摘発に際しては、贈賄が多額、入念な隠ぺい工作、贈賄スキームを促進するための不正行為、または司法の妨害などで、個人にひもづけられる不正の意図が明確な場合であり、かつ現地政府が同一の事案への捜査に乗り出すかどうかを考慮するとしています。ファシリテーションペイメント(手続き円滑化のための少額の支払い)を例外として扱う点は従来通りですが、ファシリテーションペイメントは、FCPA以外の国際的な贈収賄防止法令(例:わが国の不正競争防止法、英国の贈収賄禁止法)では禁止されていることが多く、企業が贈収賄・腐敗行為防止(Anti-Bribery and Anti-Corruption、以下「ABAC」)プログラムを実施する際には、一律で禁止とするケースが多いようです。


3. 取るべき対応

これまでのFCPA対応では、第三者、すなわちビジネスパートナーなど企業と販売先または調達先との間の仲介者が介在する場合のABACリスクが特に高いため、その対応の一環として、第三者を起用するビジネスや国・地域におけるABACリスクの観点に基づくバックグラウンド調査の実施、自社のABAC方針の順守を確実にするための研修の実施や契約書の条項追加といったデューデリジェンス手続きを充実させることが一般的に行われてきました。

FCPAの対象に犯罪カルテルやTCOの完全排除が加わったため、今後のFCPA対応ではABACに加えてこれらとの関係性を洗い出すための手続きも考慮する必要があります。取引先選定における、国内外の制裁対象リストのチェックなど、関連するスクリーニング手続きを導入している企業は少なくないと思われますが、現状の態勢で十分かどうかの評価と、その結果に応じてより一歩踏み込んだ対応が必要ではないでしょうか。また、2025年8月に米国司法省(DOJ)が起訴を発表したケースからも、メキシコや中南米地域の企業やビジネスは、より強固なコンプライアンス体制が求められるとも考えられます。

デューデリジェンスの実施は第三者の起用時のみならず、起用後も定期的に実施することが大事ですが、ABACに加え犯罪カルテルやTCOの完全排除のための取り組みとして、定期的な再評価、情報更新がより重要になります。制裁リストは適宜更新されるものであるため、最新のリストに照らしてもリスクが十分に低減される態勢を構築・運用する必要があります。

デューデリジェンスは主として予防面の対応ですが、このほか取引開始後での定期的なモニタリングによる高リスク取引や活動の適時の検出を図ることも有意義です。予防面と検出面の両輪の対応を図ることにより、リスクの高い取引や活動をより適時に把握することができます。これはABACでも、犯罪カルテル・TCO完全排除でも同様です。具体例として、会計データを活用したデータ分析、必要な場合の取引テストの実施や監査権の行使による第三者への監査の実施が挙げられます。監査権は、日本企業では今なおあまり一般的ではないものの、グローバル企業では契約書上に明記されていることが一般的です。

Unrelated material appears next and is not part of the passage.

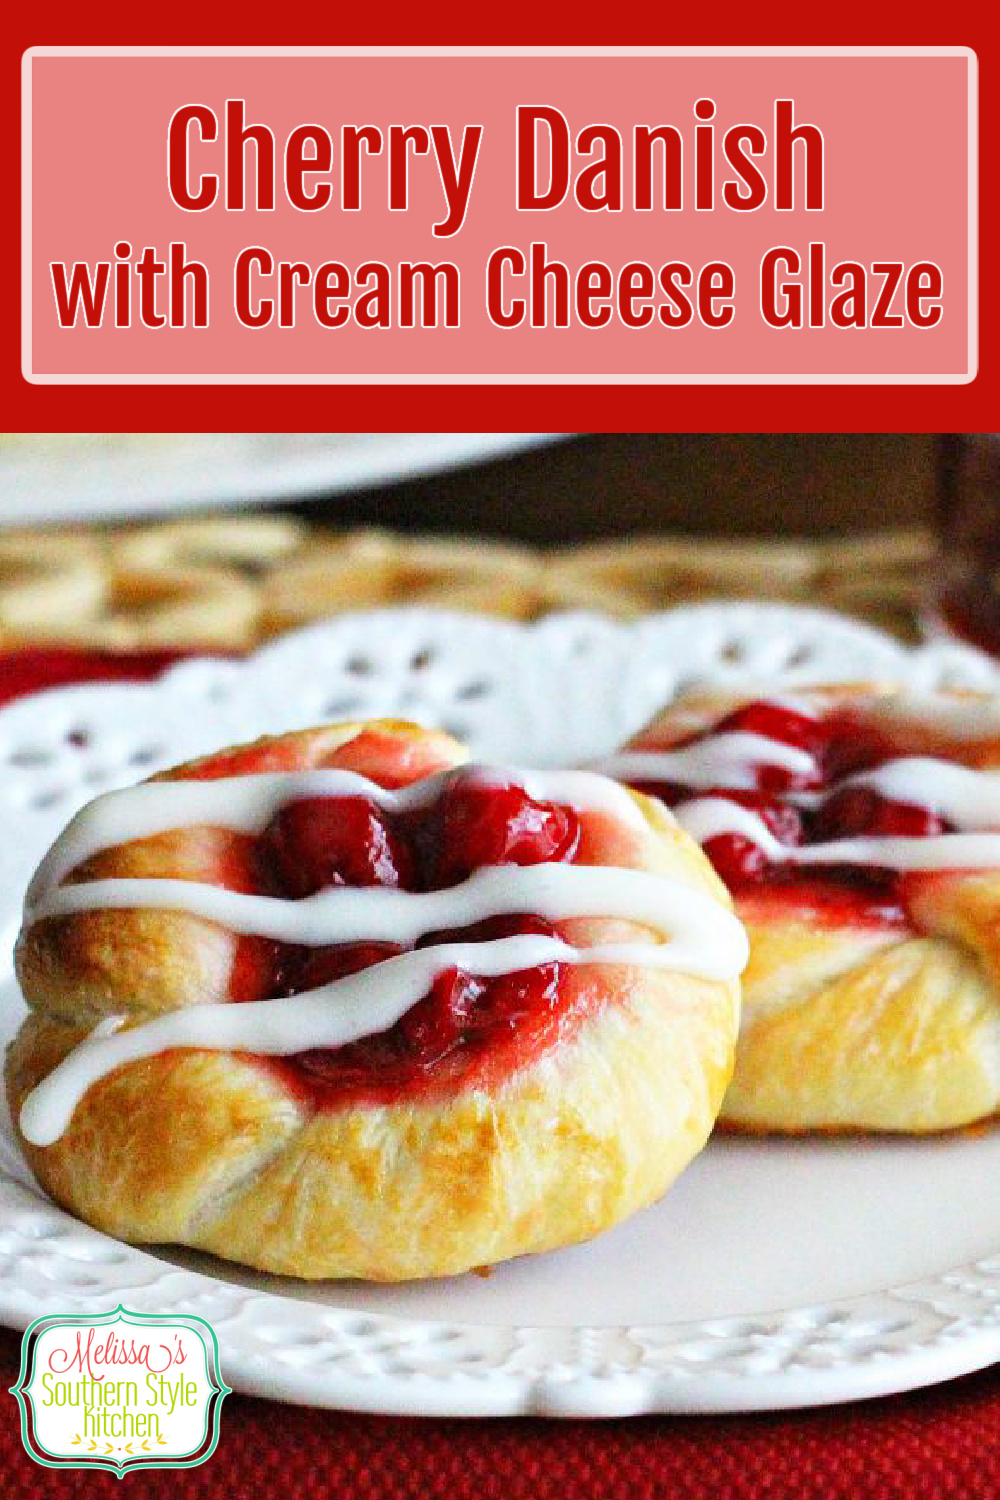 Transform frozen dinner rolls into these oh-so-delicious Cherry Danish with Cream Cheese Glaze #cherrydanish #cherry #cherrydesserts #pastries #brunch #breakfast #holidaybrunch #dinnerrolls #easyrecipes #southernrecipes #southernfood via @melissasssk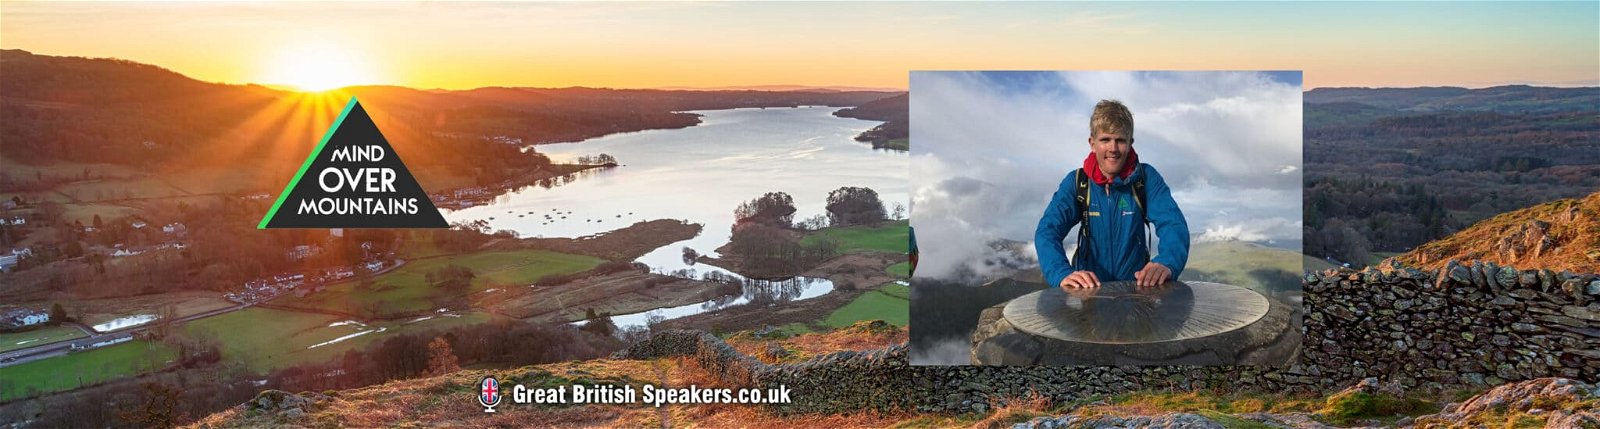 Mind Over Mountains Mental Heath Talks with Alex Staniforth at Great British Speakers

その他では、米国の国家安全保障、企業や個人の利益保護に重きを置く点が強調されているものの、枠組み自体に大きな変更はないと考えられます。


4. 導入時のポイント

FCPA対応は、グループワイドで一貫した取り組みを親会社主導で行うことがポイントであり、この点に変わりはありません。親会社は、グループ各社の模範としてあるべき方向性や原則を示しつつ、コンプライアンスプログラムを主導します。

展開先に海外を含む場合、親会社は規程や手続きの原則を示しつつ(原則主義)、詳細(実際に導入するもの)は国や地域、業種でより適切なものを個別に決めてもらう形が一般的です。ただし、原則に基づいて詳細を定めることは相応の知見や経験を要する上、現地法令や慣習と整合を図る必要もあるので、現地のグループ会社は、親会社や現地の専門家のサポートを得ながら導入を進める形になります。

こうしたトップダウンによる手続きや規程の導入は、グループワイドの整合性や品質の均等性を担保できる長所がある一方、場合によってはグループ各社の実態に必ずしも合わない内容を押し付け、結果的に実効性のない仕組みを導入することになりかねません。とはいえ、ボトムアップの場合、グループ会社の自発性は発揮されるものの整合性や品質の均等性が担保されない短所があります。こうしたトレードオフをできる限り解消するために、親会社とグループ会社の間での細かな議論(対話)や擦り合わせが欠かせません。

議論(対話)や擦り合わせの一環として、モデルとなる規程やテンプレートの作成を国や地域、業種に応じて親会社や主要なグループ会社(親会社から見て孫会社を統括する役割を持つグループ会社)が示すとともに、各社の疑問点や不明点を解決するなど、上から下、下から上の双方向のコミュニケーションやサポートを行いながらプログラムを実施することが大切です。


5. おわりに

摘発事案は、現状(2026年3月10日時点)、DOJおよび米国証券取引委員会(SEC)のいずれのウェブサイトでも2024年のものが最新ですが、これらの当局は既に捜査・執行を再開しています。FCPA対応は、プログラムの策定、現状評価や不足している部分の新規の実施などの実施項目が多く、短期間で実施できるものではない一方、摘発された場合に課せられる高額の罰金やレピュテーションへの悪影響という損失のリスクがあります。このため、現状の態勢で十分かどうかの検討や、新たな規程や手続きの整備、既存の制度の改訂など、定期的な見直しおよび適時の対応を図ることが重要です。


【共同執筆者】

EY新日本有限責任監査法人 Forensic & Integrity Services マネージャー 浅岡 孝太


サマリー

大統領令発令に伴いFCPAの方向性は若干変わりましたが、グループワイドで一貫した取り組みを親会社主導で行う点がFCPA対応のポイントである点は変わりません。その際、親会社とグループ各社は、上から下、下から上の双方向のコミュニケーションを行いながら、プログラムを実施することが大切です。